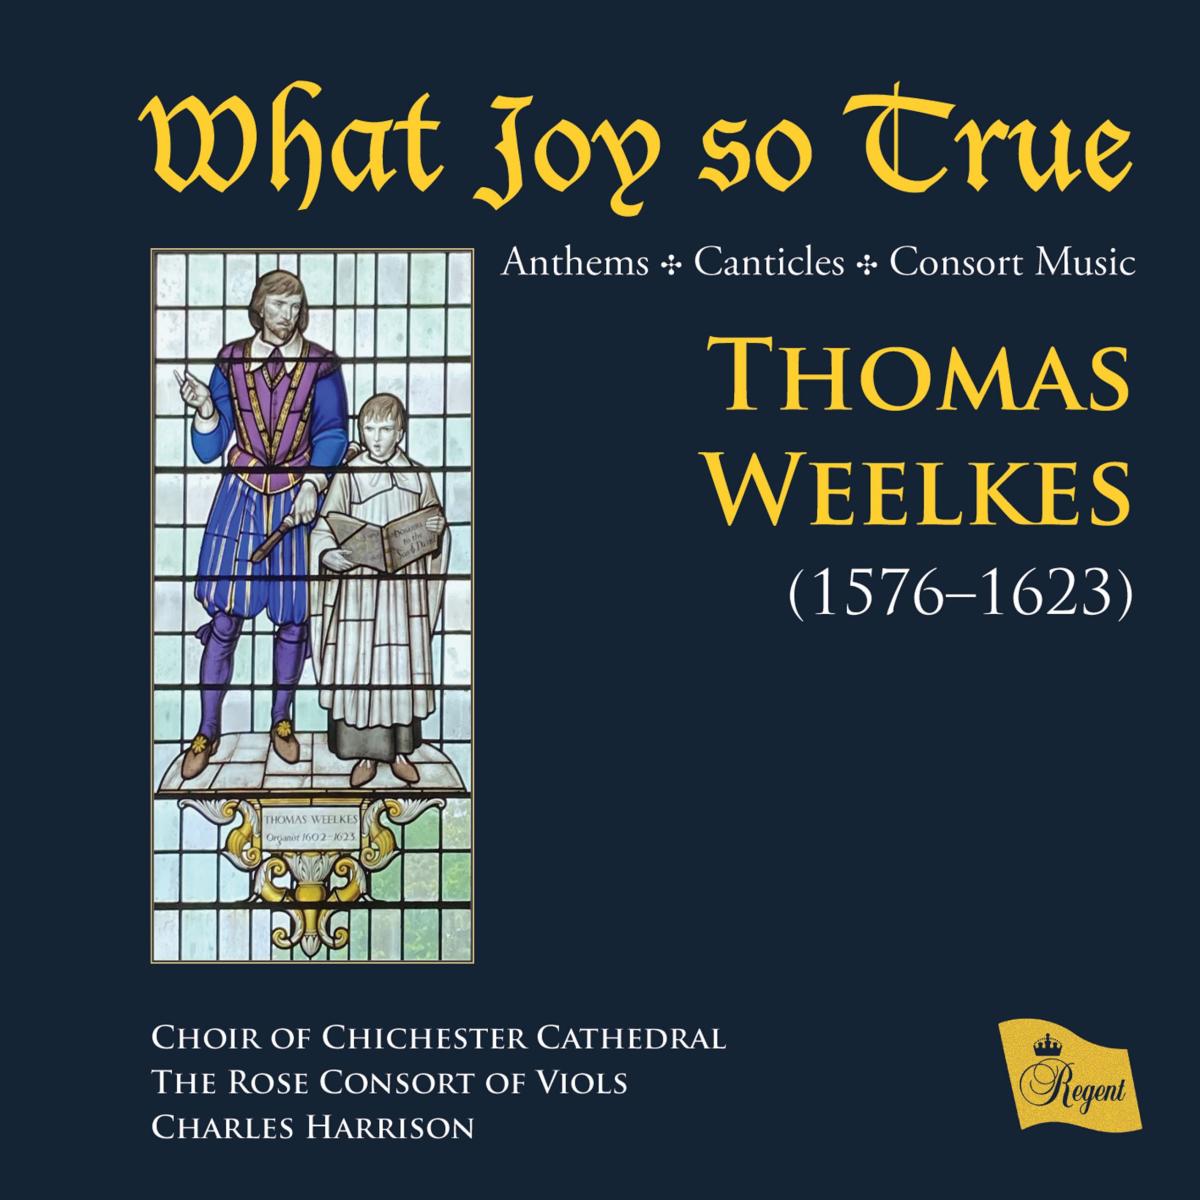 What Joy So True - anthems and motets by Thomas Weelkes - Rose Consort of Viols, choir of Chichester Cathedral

════════

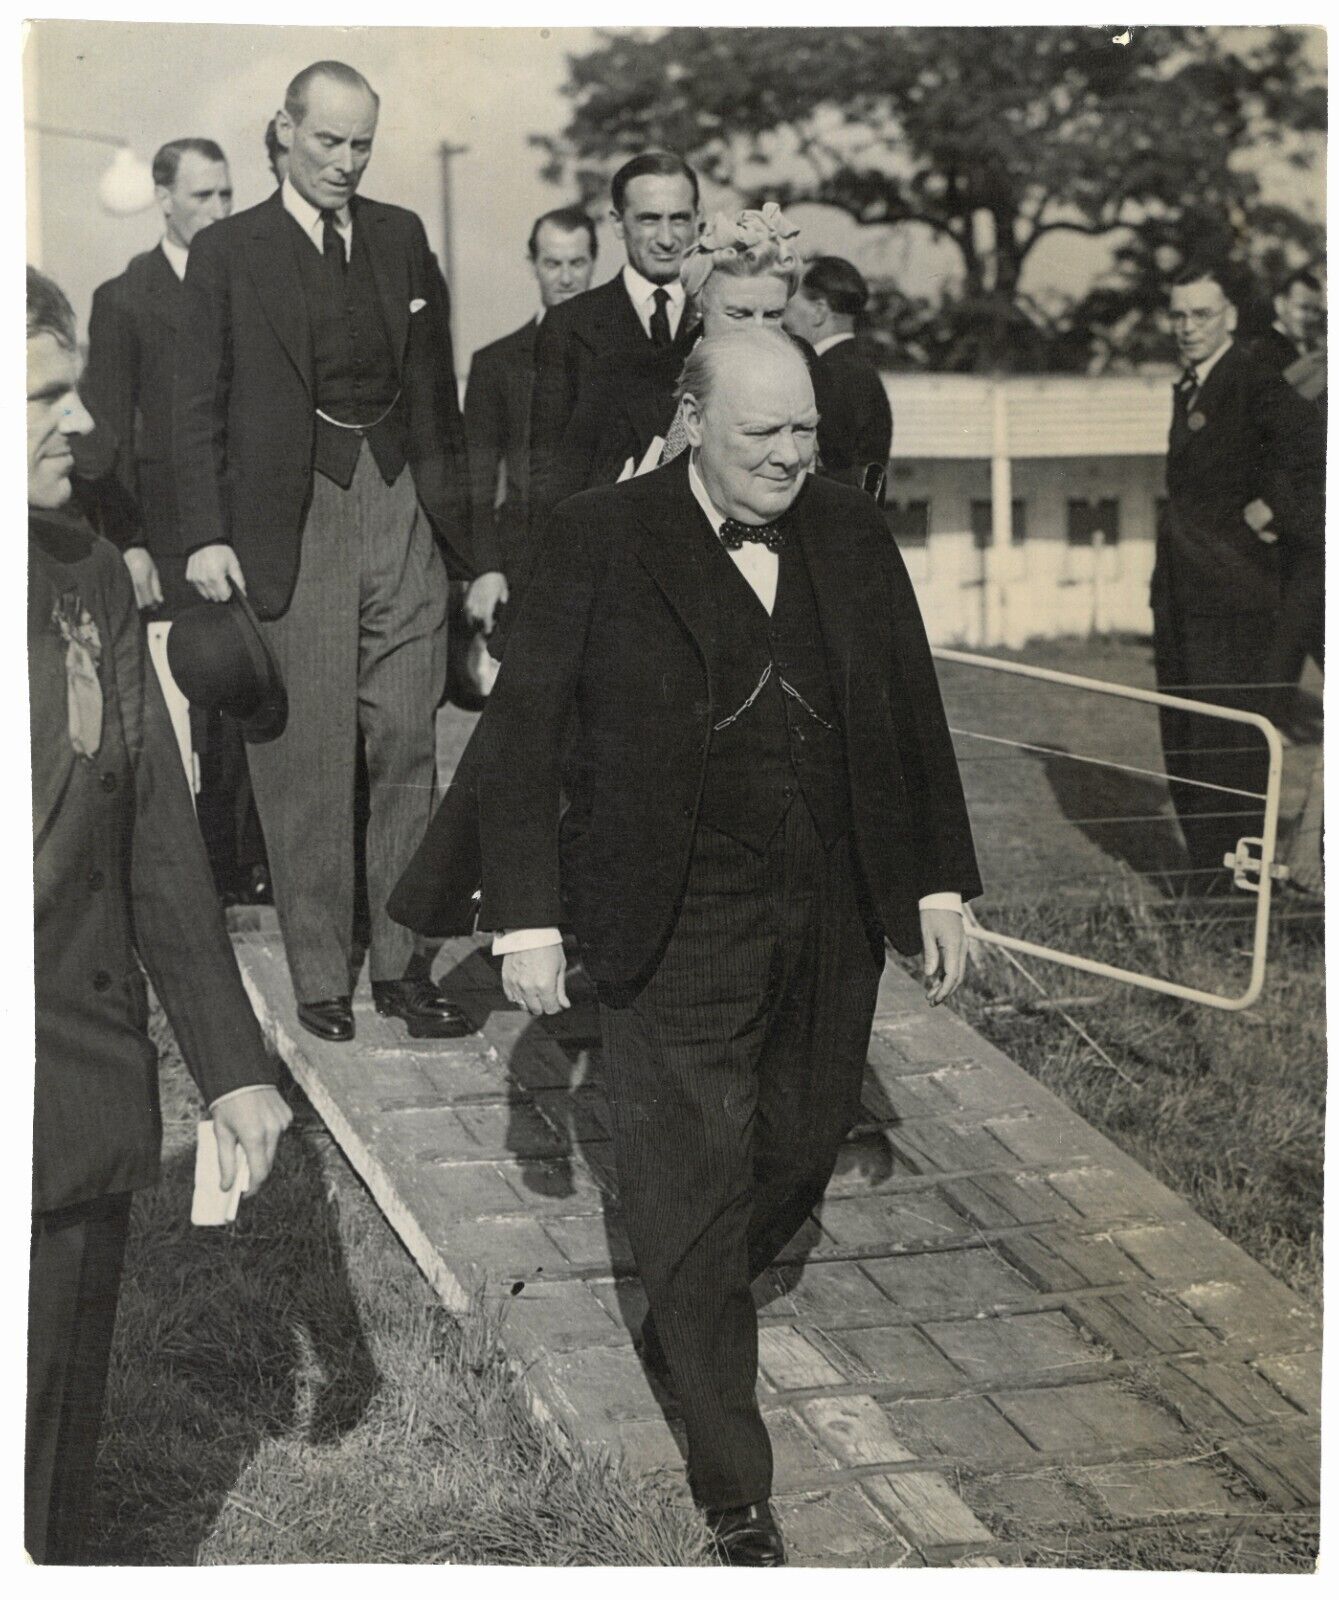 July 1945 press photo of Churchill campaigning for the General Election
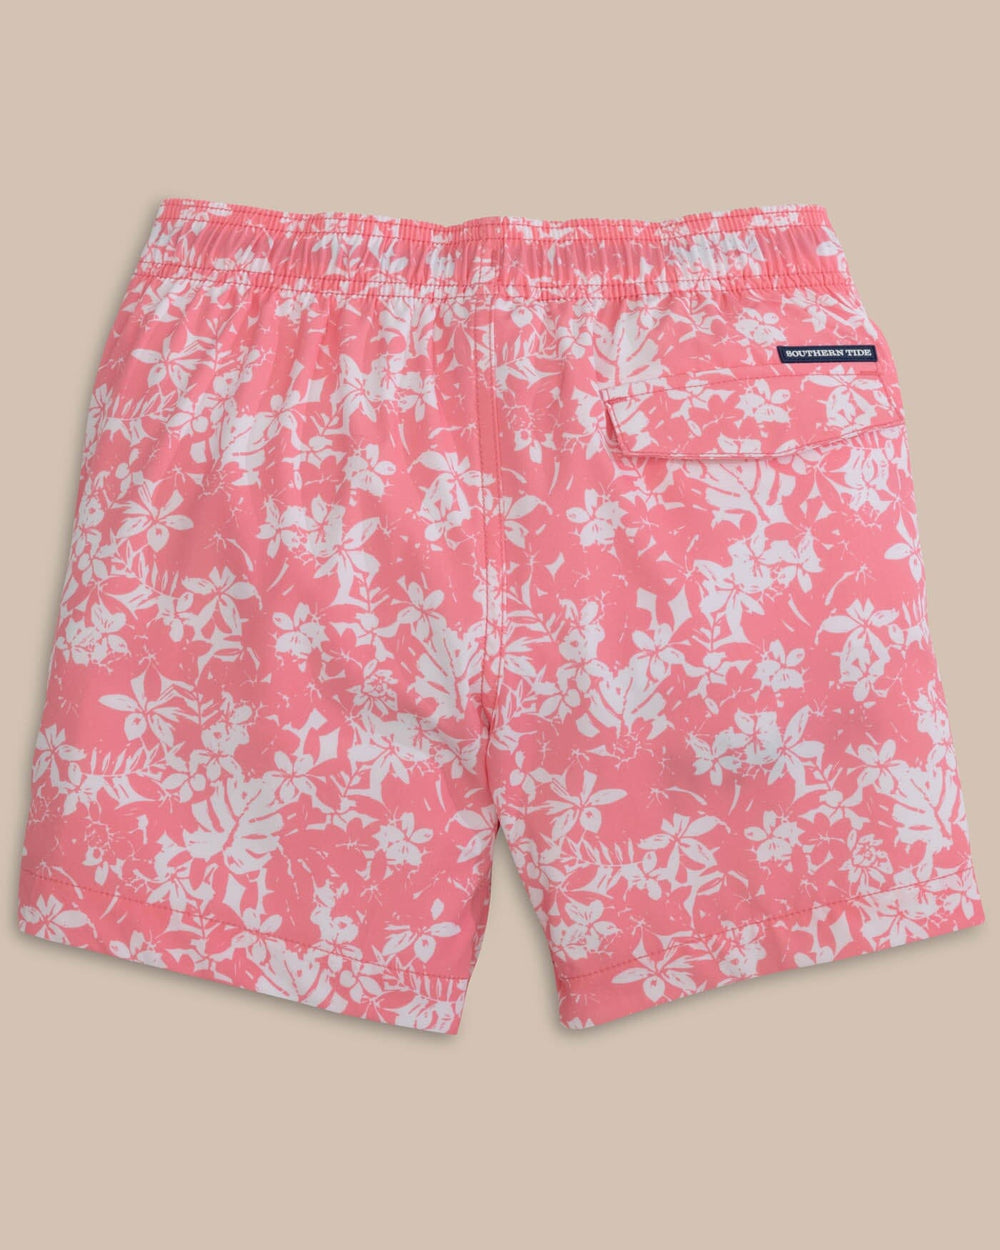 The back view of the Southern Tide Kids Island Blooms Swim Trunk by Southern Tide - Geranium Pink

════════

▶ **WHAT YOU WILL DO**
Reproduce the listing above exactly from the line containing "July 1945 press" up to and including the line containing "The back view", omitting any images and everything outside those lines.

▶ **TASK RESPONSE**
 July 1945 press photo of Churchill campaigning for the General Election
 The back view of the Southern Tide Kids Island Blooms Swim Trunk by Southern Tide - Geranium Pink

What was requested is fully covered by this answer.